I agree for library API design: that takes a bit of experience to get 
right.  But when it comes to writing documents I think the rules for 
readability are quite straight forward (some universities even have them 
in their curriculum): do not start with the details but give the reader 
an overview first.  Give previews and summaries.  Generally watch 
document structure.  Do not put too much in a single diagram.  Things 
like that.

> Testing certainly helps. Functional tests (as opposed to unit tests) can
> and should be part of and produced from requirements. At the user-facing
> level you can send test scenarios back as memos of understanding (MoUs)
> - what better way to make clear what you understand and how it will play
> out?

Good point.

> Prototypes count, too. They can meet tests, even. Building a prototype
> that meets tests, starting within a day or so of starting, kicks ass for
> converging on clarity. Keep it up - every day the prototype runs, works
> (up to whatever you've done that day), can be checked out and run in any
> directory, by any developer, and run, etc.

And prototypes are a great way to test whether ideas work with low 
effort before basing a whole design on an idea.

> Add a CI tool like Jenkins to run your tests every time you "git commit"
> to "origin/master" (or whatever); you got yourself a one-entity
> professional shop.

Jenkins is great.  We use it.  Broken tests are quickly discovered. :-)

Kind regards

	robert

PS: Hey, you managed to sneak in a German word. :-)

-- 
remember.guy do |as, often| as.you_can - without end
http://blog.rubybestpractices.com/

[toc] | [prev] | [next] | [standalone]

#14788

From	Gene Wirchenko <genew@ocis.net>
Date	2012-05-24 20:11 -0700
Message-ID	<arttr7lumqps4v6h19ihf16a4rqf2d1v32@4ax.com>
In reply to	#14783

On Thu, 24 May 2012 23:05:19 +0200, Robert Klemme
<shortcutter@googlemail.com> wrote:

[snip]

>Pretty early in my career I had a quite instructive experience: we were 
>building a web catalog for a business customer with user management, a 
>lot of technical data about their products - and of course a link to 
>their ERP system.  They wanted to have a price calculation in that 
>system which could take several routes depending on the user.  They 
>explained it, I wrote a document which also included an UML activity 
>diagram of the flow with explanations.  We sent it in.  They rejected: 
>"No, it must be completely different."  So we sat together.  End of the 
>story: it was exactly what they wanted.  So they either did not 
>understood the document and didn't want to ask - or their own 
>requirements. :-)
               ^^^
     What is this?

     (I think you called it right, no joking.)

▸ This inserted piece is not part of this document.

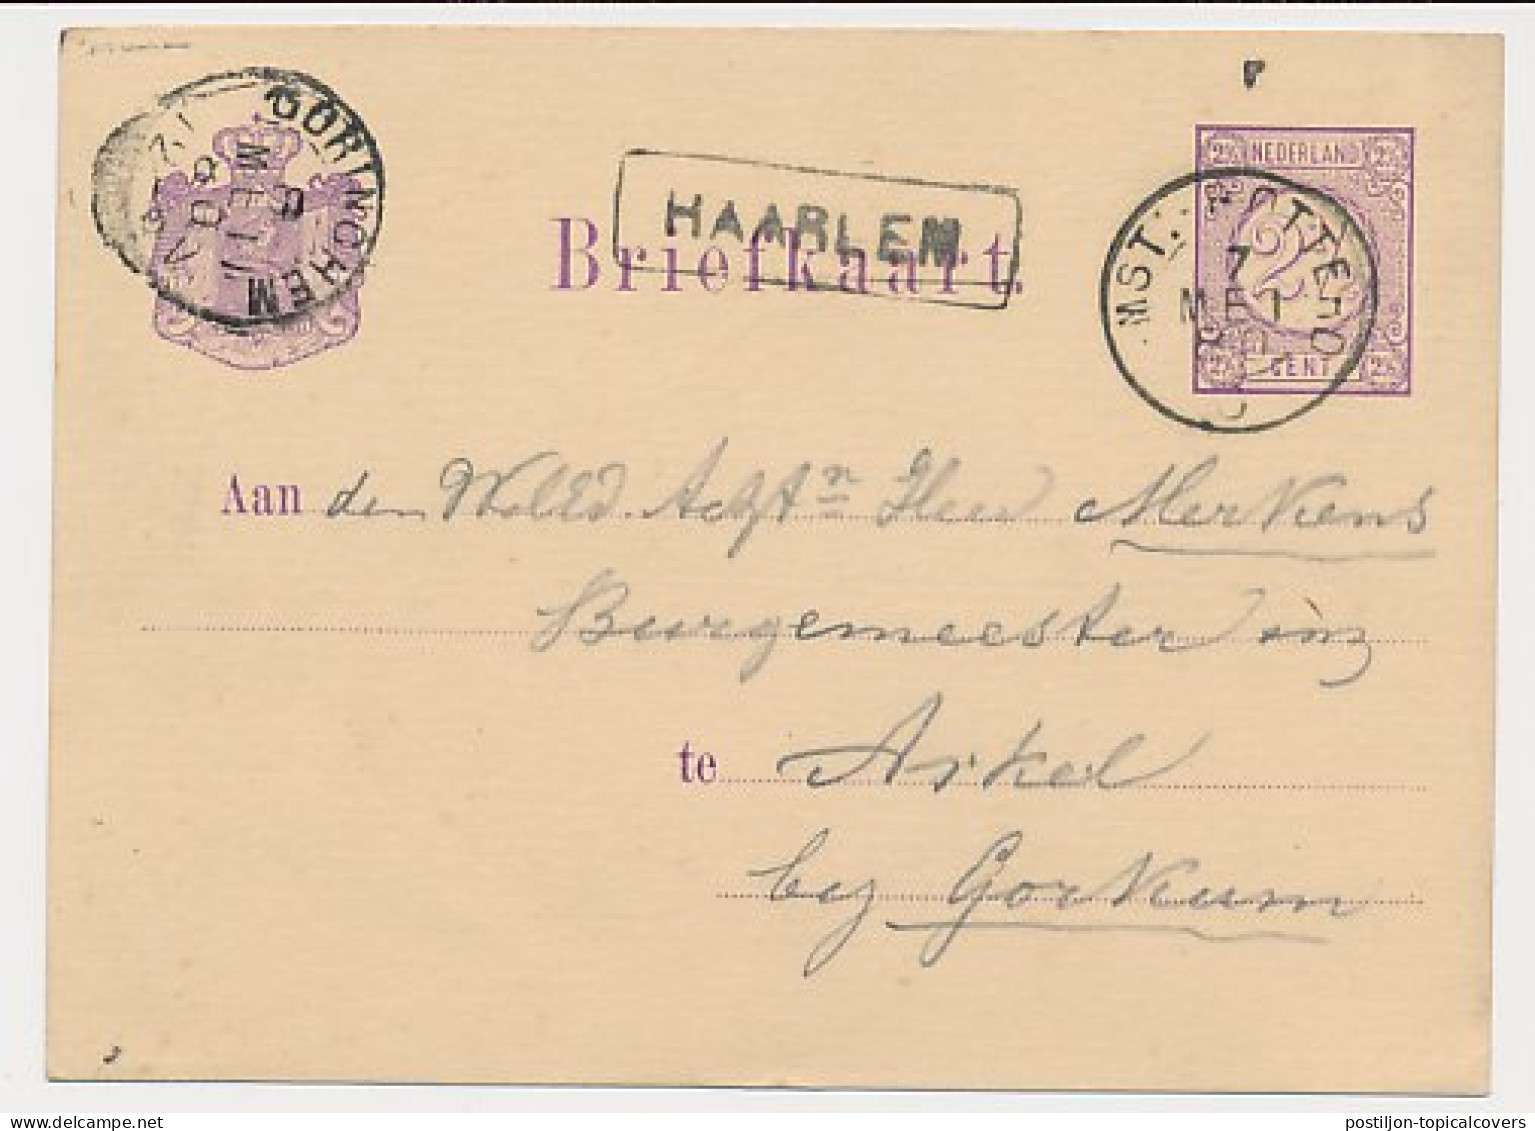 Trein Haltestempel Haarlem 1880 - Lettres & Documents

     A UML diagram might as well be code.  It is something of ours.
Why expect them to be able to read it?

     As to possibly not knowing their own requirements, that is quite
possible.  Many a person knows how to do his job as it is currently
configured.  That does not mean that he knows how to discuss the whys
and wherefores of it.

[snip]

Sincerely,

Gene Wirchenko

[toc] | [prev] | [next] | [standalone]

#14794

From	Robert Klemme <shortcutter@googlemail.com>
Date	2012-05-25 17:42 +0200
Message-ID	<a29njiFto3U1@mid.individual.net>
In reply to	#14788

On 25.05.2012 05:11, Gene Wirchenko wrote:
>       A UML diagram might as well be code.  It is something of ours.
> Why expect them to be able to read it?

I did not expect them to read it out of the box.  But it was embedded in 
a document and accompanied with explanation of the process.  Also, if 
they did not understand it, my expectation would have been for them to 
ask.  But they simply rejected it as if they had understood it.  It 
always takes two sides for successful communication - in this case we 
luckily resolved it but I think generally this communication pattern is 
more likely to produce errors than success.

>       As to possibly not knowing their own requirements, that is quite
> possible.  Many a person knows how to do his job as it is currently
> configured.  That does not mean that he knows how to discuss the whys
> and wherefores of it.

That is true.  Doing and reasoning about what one does are really two 
things.  However, in this case they actually _had_ described their 
requirements - and even in a way that I was capable of coming up with 
the proper algorithm.  This means a certain amount of thought must have 
been done already.  They just did not recognize it when they saw the 
result and for an unknown reason immediately jumped to a conclusion.

Kind regards

	robert

-- 
remember.guy do |as, often| as.you_can - without end
http://blog.rubybestpractices.com/

[toc] | [prev] | [next] | [standalone]

#14792

From	Arved Sandstrom <asandstrom3minus1@eastlink.ca>
Date	2012-05-25 07:09 -0300
Message-ID	<fTIvr.34159$_l.17077@newsfe15.iad>
In reply to	#14744

On 12-05-21 04:15 PM, Robert Klemme wrote:
>
[ SNIP ]>
> And it is true for a number of other techniques I would consider bread
> and butter tools:
>
> - Ensuring requirements are gathered properly and understood before
> starting to code (and design of course).

I want to blame an improper understanding of agile and lean and 
iterative here, but I won't. On the other hand, I do think that a 
widespread kneejerk rejection of waterfall has also led, in many cases, 
to people rejecting formal requirements analysis and intensive BA work. 
Maybe they've read enough about agile to think that they'll find out 
everything they need to find out when it's time to build Slice 3, and 
it's OK to find out about Slice 3 requirements then, not upfront.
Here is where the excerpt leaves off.